Does excess weight really make your hormones worse?
Excess weight disrupts multiple hormones simultaneously, with insulin resistance being the most strongly supported. If you want to know whether your hormone profile is affected, insulin and glucose monitoring is the most meaningful starting point.
Insulin resistance is the most solid and best-supported hormonal change associated with excess weight. Adipose tissue disrupts the sensitivity of cells to insulin, forcing the pancreas to produce ever-increasing amounts of insulin. If that pattern continues, the risk of type 2 diabetes rises considerably. This applies to both children and adults.
Fat cells also produce the hunger hormone leptin. In people with excess weight, leptin levels are chronically elevated, but the body adapts to them and responds to them less and less. As a result, the 'I am full' signal works less effectively, making weight management even harder.
For women, there is a clear effect on fertility.
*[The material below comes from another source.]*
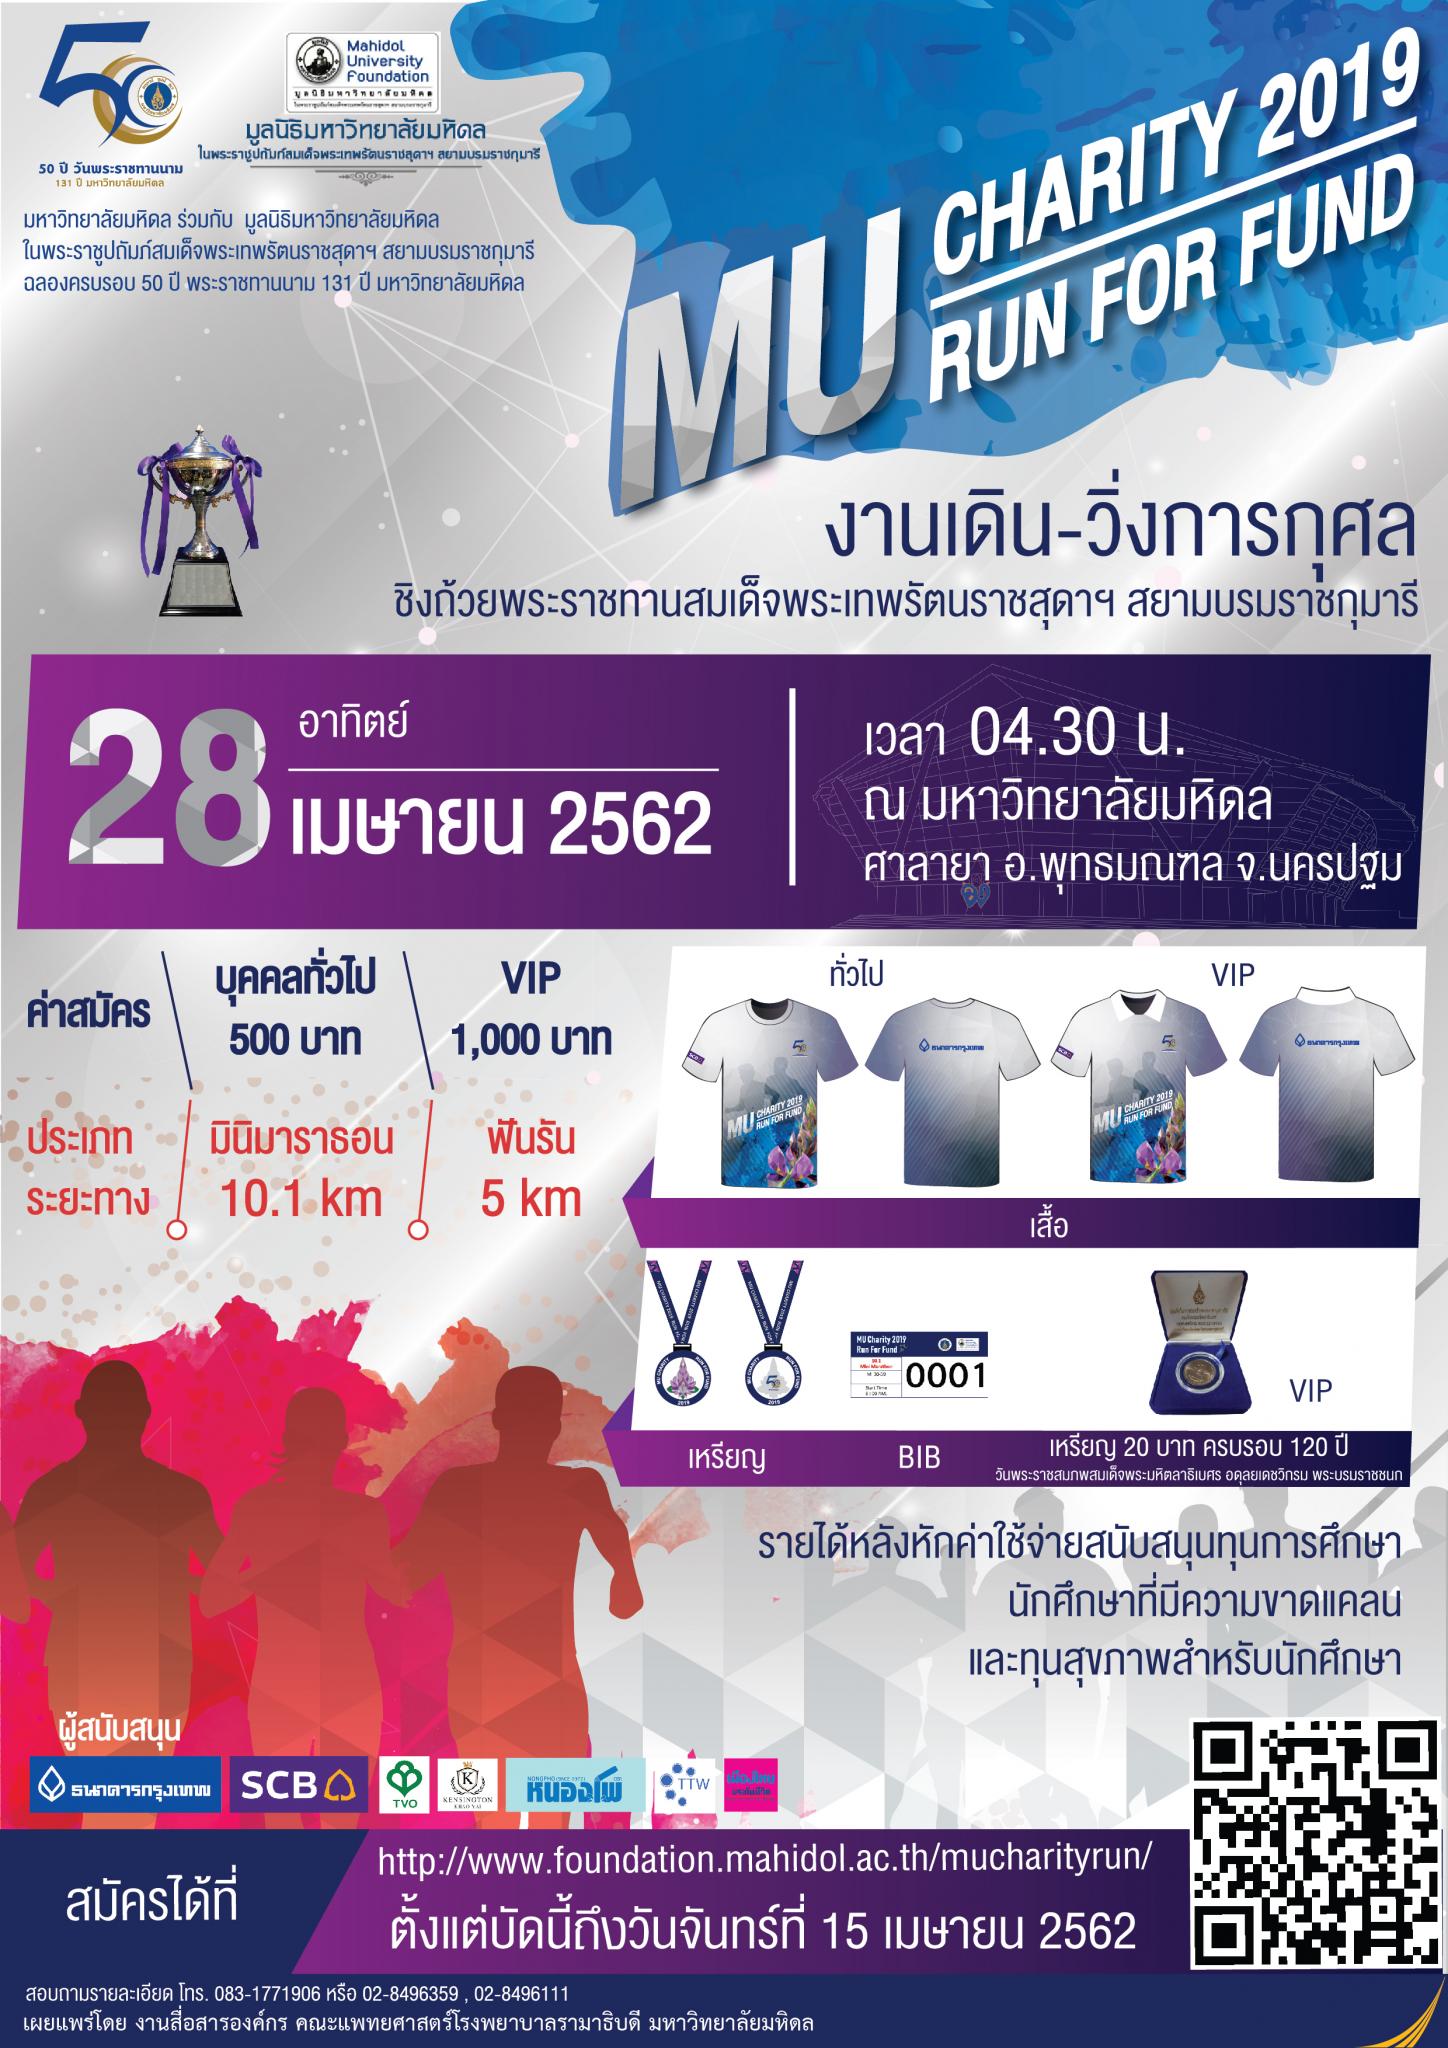 งานเดิน-วิ่งการกุศล MU CHARITY 2019 RUN FOR FUND ชิงถ้วยพระราชทานสมเด็จพระเทพรัตน์ราชสุดาฯ สยามบรมราชกุมารี
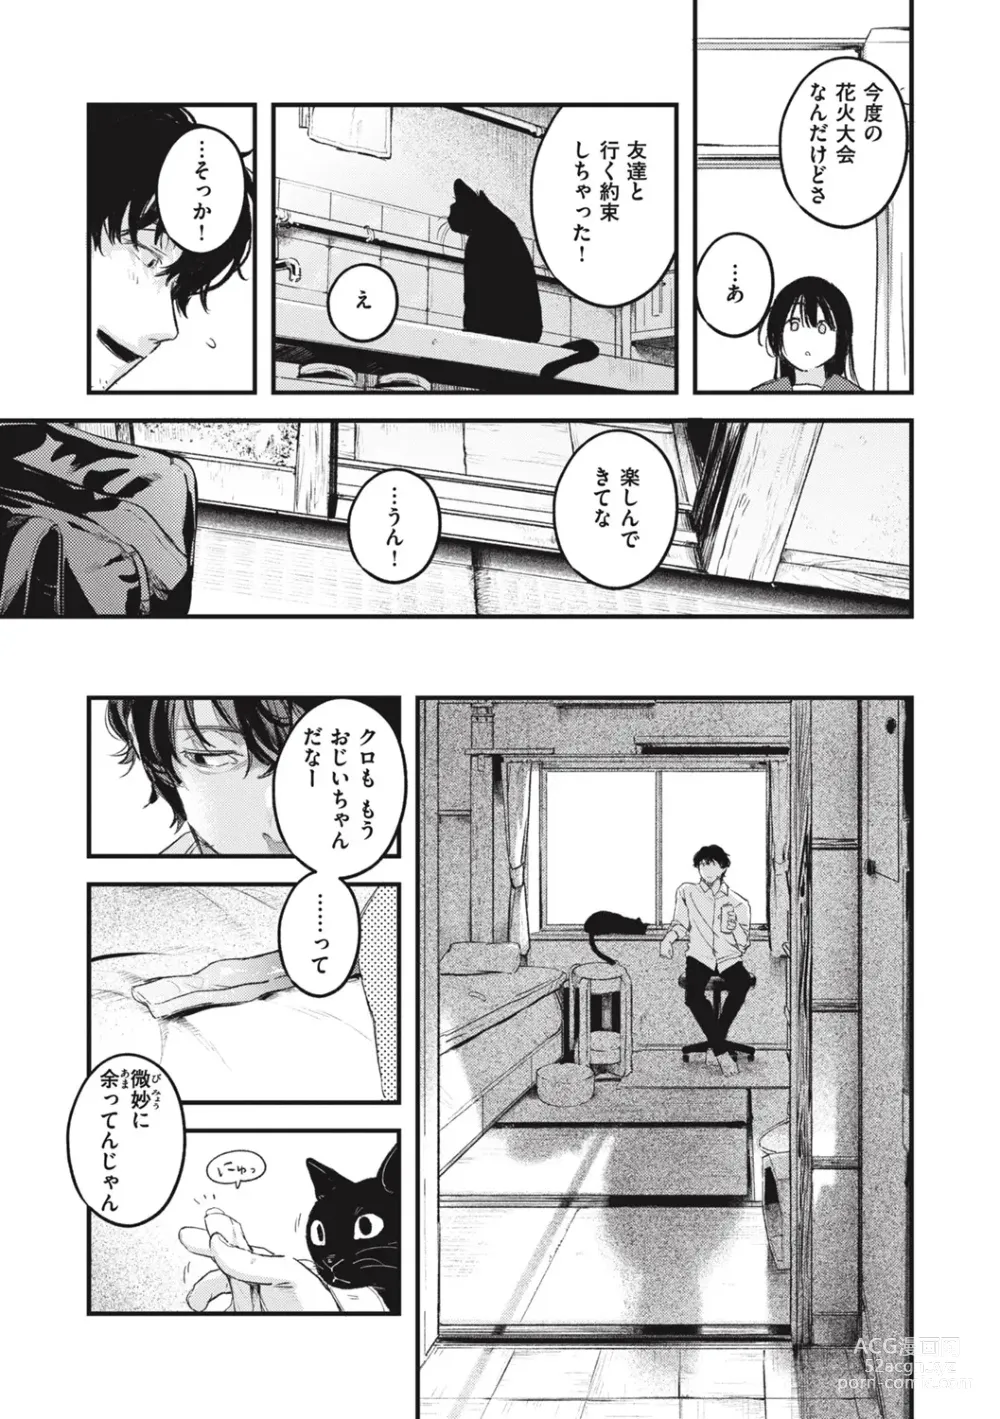 Page 13 of manga Koi no Mukidashi

Obese women have up to three times the likelihood of absent or irregular ovulation. If you also have PCOS (a common hormonal condition in women), extra weight generally makes symptoms worse and further increases the risk of reduced fertility.
In children with excess weight, there is also an association with earlier puberty, particularly in girls. Elevated leptin levels appear to play a role here. Regarding thyroid function and cortisol (the stress hormone), some studies do observe changes, but the evidence is more contradictory and the precise cause-and-effect relationship is not yet clear.
An important caveat: BMI explains only about 17% of the risk of insulin resistance. Genetic factors and socioeconomic circumstances are at least equally determining. Excess weight is therefore a real risk factor for hormonal disruptions, but not the only one. What does hold true is this: the more visceral fat (the fat surrounding the organs), the more chronic low-grade inflammation, and that inflammation in turn is a driver of insulin resistance and organ damage.
Claims are based on two larger reviews/meta-analyses and a systematic overview of small studies, supplemented by a mechanistic review article. The claim regarding probiotics in PCOS is based on 11 small Iranian studies and has therefore not been included as a recommendation for the general reader.